# Who ordained Calvin?



## Whit (Jul 9, 2019)

My Roman Catholic friend doesn’t think John Calvin was a lawfully ordained minister of the gospel. How do we respond to this? Was he ordained? If so, by whom? 


Sent from my iPhone using Tapatalk


----------



## Tom Hart (Jul 9, 2019)

Guillaume Farel

https://en.m.wikipedia.org/wiki/William_Farel

Reactions: Like 1


----------



## Guido's Brother (Jul 9, 2019)

There's not a lot of discussion on this in Calvin's biographies. The only exception I've come across is Herman J. Selderhuis, John Calvin: A Pilgrim's Life. He writes: "Calvin's situation, however, posed no problem given that the Reformation was seen by its followers as nothing but a continuation of the existing church. Already existing church offices, including the office of chaplain, remained valid. Thus, even though Calvin had formerly renounced the income of his chaplaincy, he was nevertheless in the eyes of others an experienced and viable holder of church office." (page 66)

Reactions: Like 2


----------



## alexandermsmith (Jul 10, 2019)

God.

Reactions: Like 1


----------



## TylerRay (Jul 10, 2019)

Whit said:


> My Roman Catholic friend doesn’t think John Calvin was a lawfully ordained minister of the gospel. How do we respond to this? Was he ordained? If so, by whom?
> 
> Sent from my iPhone using Tapatalk


He was tonsured at age 12, and served as a chaplain afterward.

Reactions: Like 1


----------



## Scott Bushey (Jul 10, 2019)

TylerRay said:


> tonsured



tonsure | ˈtän(t)SHər | a part of a monk's or priest's head left bare on top by shaving off the hair. • [in singular] an act of shaving the top of a monk's or priest's head as a preparation for entering a religious order. [with object] (often as adjective tonsured) shave the hair on the crown of. ORIGIN late Middle English: from Old French, or from Latin tonsura, from tondere ‘shear, clip’.

Reactions: Like 1


----------



## Tom Hart (Jul 10, 2019)

Tom Hart said:


> Guillaume Farel
> 
> https://en.m.wikipedia.org/wiki/William_Farel


It appears that this is incorrect, or at best incomplete. I thought I had read it in Williston Walker's biography of Calvin, but perhaps not.

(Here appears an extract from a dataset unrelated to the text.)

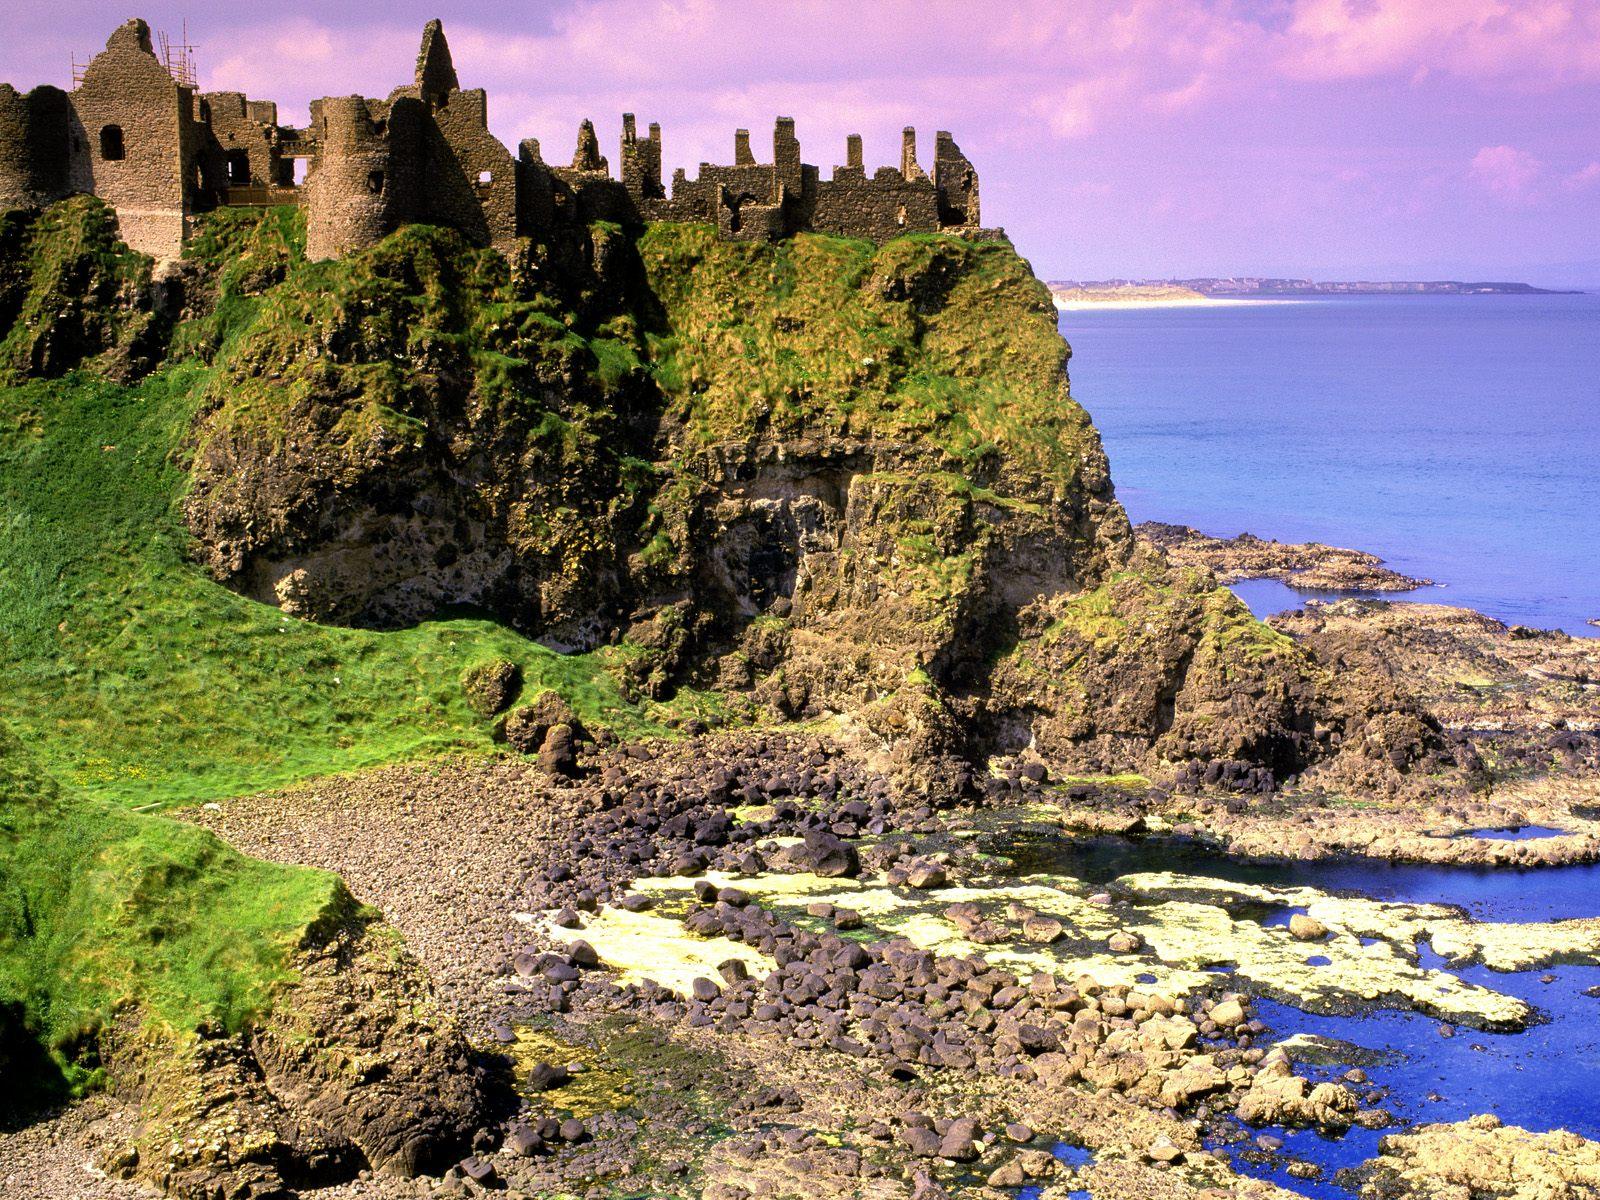 Kilkenny, Ireland Voted One of the Worlds Friendliest
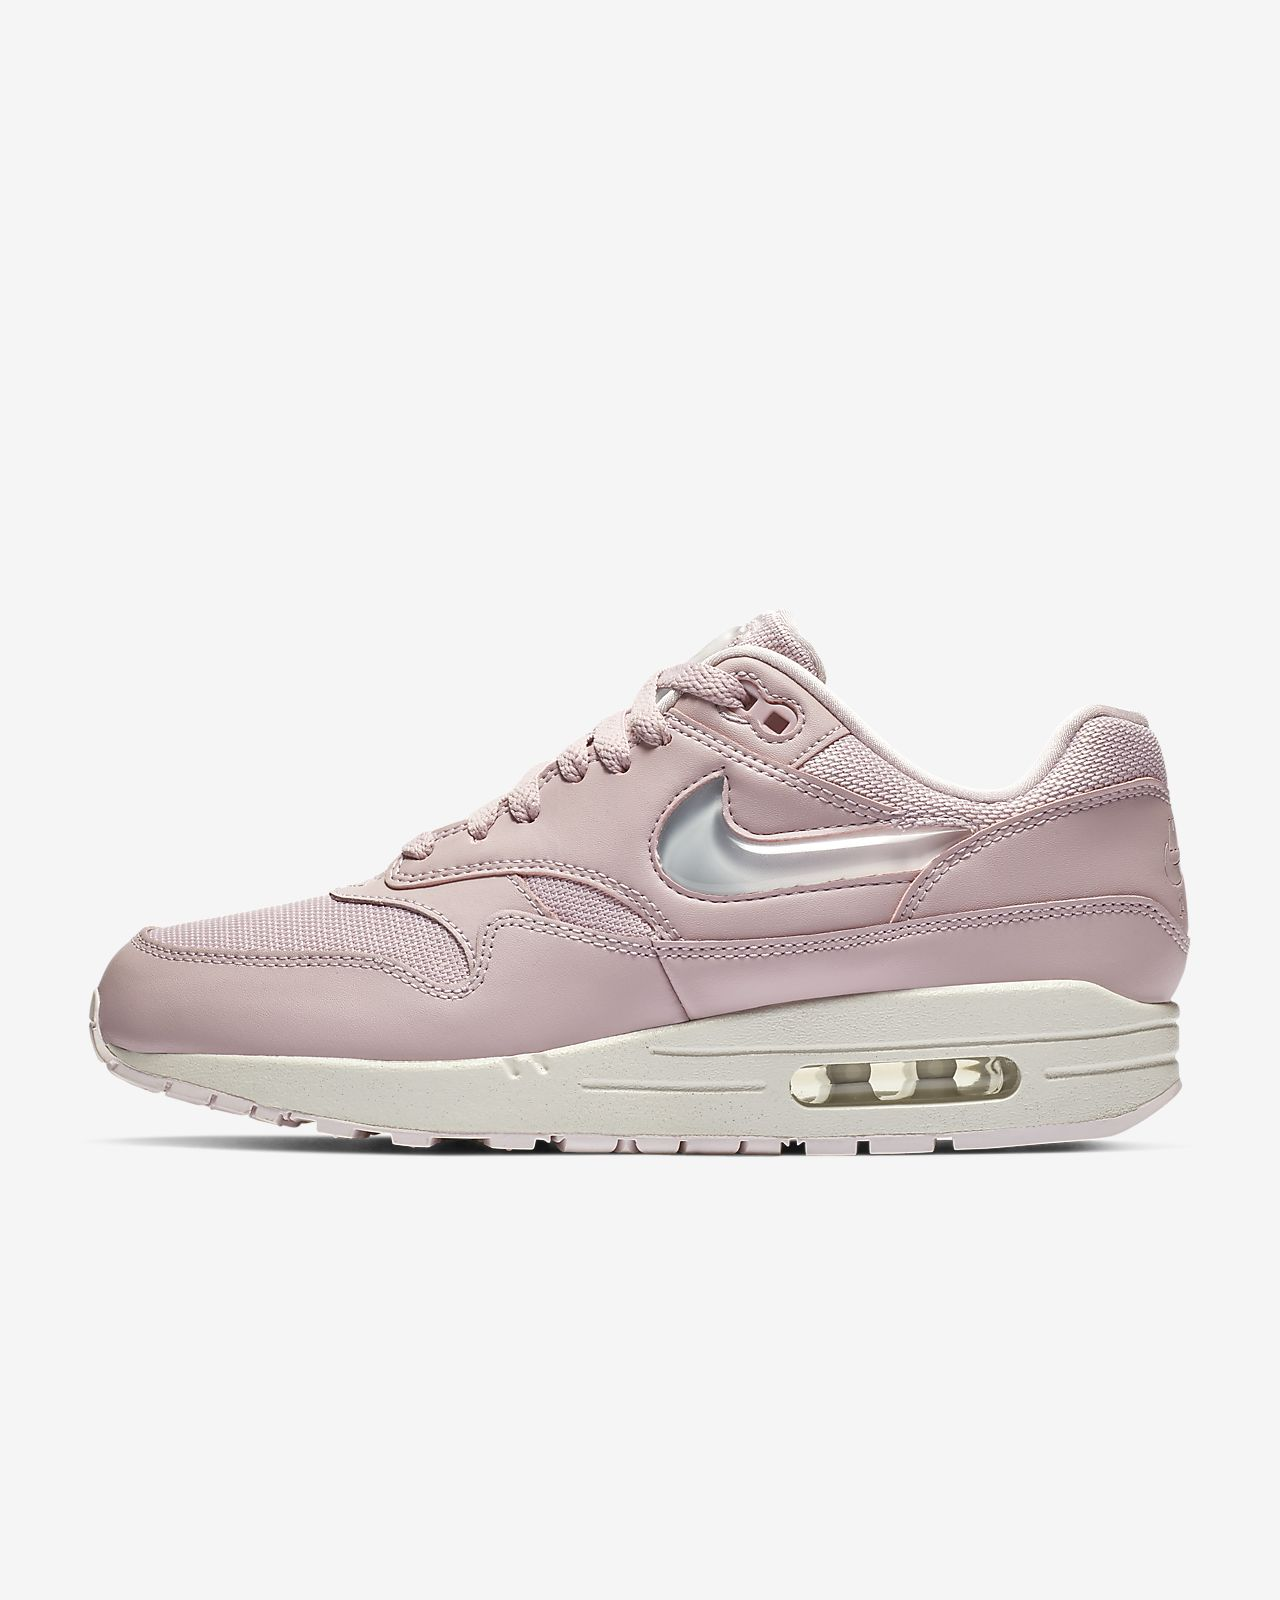 lowest price 2aab2 849a1 Nike Air Max 1 Premium

Apparently there's no very hard evidence one way or the other, but there are references to Calvin being "authorized" by the presbytery, and Calvin himself thought highly of the importance of ordination. Also, from what I've read, nowhere among Sadoleto's criticisms of Calvin is any mention of lack of ordination.

Reactions: Like 1


----------



## Logan (Jul 10, 2019)

Almost certainly the Presbytery of Geneva.

https://www.logcollegepress.com/blog/2018/7/25/was-john-calvin-ordained

Reactions: Like 2


----------



## Contra_Mundum (Jul 10, 2019)

Related to the above from Logan, here is Th.Smyth's comments, see from p.84
https://static1.squarespace.com/static/590be125ff7c502a07752a5b/t/5a03d3bf0d9297d316867eef/1510200271427/Smyth,+Thomas,+Calvin+and+His+Enemies.pdf

Reactions: Like 2


----------



## Whit (Jul 10, 2019)

Thank you so much for this!


----------